#### The task
Each line that contains "Light" needs to be copied from the listing.

#### Input data

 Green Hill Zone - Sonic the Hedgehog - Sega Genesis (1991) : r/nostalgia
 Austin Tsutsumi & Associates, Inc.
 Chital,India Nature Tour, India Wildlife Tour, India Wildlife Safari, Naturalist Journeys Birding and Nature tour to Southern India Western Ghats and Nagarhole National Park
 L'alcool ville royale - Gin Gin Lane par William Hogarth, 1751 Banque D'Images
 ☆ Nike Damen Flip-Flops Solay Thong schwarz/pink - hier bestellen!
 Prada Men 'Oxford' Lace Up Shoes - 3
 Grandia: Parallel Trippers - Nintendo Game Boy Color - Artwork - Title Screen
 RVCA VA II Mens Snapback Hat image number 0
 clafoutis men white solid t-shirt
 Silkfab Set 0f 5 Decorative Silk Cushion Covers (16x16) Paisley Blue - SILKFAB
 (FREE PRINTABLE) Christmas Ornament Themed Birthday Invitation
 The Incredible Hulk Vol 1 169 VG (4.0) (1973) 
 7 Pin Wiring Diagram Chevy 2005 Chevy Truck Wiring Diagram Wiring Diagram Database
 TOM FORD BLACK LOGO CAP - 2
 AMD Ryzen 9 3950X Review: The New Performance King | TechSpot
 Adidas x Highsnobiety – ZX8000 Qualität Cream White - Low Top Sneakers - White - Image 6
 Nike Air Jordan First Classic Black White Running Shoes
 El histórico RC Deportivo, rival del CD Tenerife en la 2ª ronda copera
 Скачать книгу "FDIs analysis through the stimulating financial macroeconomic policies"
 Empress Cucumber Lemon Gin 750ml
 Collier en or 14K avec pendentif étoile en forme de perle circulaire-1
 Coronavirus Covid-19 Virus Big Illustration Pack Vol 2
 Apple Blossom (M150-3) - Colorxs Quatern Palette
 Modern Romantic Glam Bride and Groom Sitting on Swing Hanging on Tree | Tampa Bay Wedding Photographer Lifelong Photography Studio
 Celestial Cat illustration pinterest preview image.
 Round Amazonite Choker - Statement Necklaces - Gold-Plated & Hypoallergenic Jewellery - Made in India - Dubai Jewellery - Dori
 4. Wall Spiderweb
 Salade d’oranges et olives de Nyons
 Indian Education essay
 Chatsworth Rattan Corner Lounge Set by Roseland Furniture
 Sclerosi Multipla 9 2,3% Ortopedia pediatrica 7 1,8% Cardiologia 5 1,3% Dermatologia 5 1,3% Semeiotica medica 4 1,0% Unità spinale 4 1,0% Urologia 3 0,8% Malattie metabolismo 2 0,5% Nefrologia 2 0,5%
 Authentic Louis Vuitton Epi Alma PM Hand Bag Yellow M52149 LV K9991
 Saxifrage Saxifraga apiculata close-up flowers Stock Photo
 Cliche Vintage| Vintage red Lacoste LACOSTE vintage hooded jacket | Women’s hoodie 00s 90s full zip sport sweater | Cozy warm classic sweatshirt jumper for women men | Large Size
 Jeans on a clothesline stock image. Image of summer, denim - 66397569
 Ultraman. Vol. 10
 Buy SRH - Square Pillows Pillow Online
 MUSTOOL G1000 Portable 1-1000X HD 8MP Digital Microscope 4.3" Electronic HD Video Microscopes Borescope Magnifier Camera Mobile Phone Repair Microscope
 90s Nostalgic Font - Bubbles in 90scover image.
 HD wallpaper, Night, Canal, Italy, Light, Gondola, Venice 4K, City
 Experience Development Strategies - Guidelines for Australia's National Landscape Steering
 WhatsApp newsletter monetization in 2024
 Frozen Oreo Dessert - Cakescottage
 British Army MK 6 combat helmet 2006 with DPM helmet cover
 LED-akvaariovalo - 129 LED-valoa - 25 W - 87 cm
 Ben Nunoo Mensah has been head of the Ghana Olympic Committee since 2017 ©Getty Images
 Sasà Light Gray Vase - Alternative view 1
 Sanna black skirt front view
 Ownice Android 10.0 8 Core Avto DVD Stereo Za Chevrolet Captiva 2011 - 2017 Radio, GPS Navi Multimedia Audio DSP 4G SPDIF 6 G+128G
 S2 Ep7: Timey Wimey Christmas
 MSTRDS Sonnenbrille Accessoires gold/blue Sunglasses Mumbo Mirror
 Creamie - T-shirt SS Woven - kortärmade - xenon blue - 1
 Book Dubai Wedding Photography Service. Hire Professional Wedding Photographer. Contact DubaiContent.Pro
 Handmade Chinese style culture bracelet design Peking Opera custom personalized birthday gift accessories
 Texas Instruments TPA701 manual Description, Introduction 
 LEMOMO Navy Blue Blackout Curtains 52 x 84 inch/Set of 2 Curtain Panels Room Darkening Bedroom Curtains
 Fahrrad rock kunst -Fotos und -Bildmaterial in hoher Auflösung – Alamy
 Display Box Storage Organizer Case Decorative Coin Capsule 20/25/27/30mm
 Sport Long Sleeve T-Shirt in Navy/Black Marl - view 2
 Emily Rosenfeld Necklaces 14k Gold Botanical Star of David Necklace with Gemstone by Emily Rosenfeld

#### Exercise solution
 HD wallpaper, Night, Canal, Italy, Light, Gondola, Venice 4K, City
 Sasà Light Gray Vase - Alternative view 1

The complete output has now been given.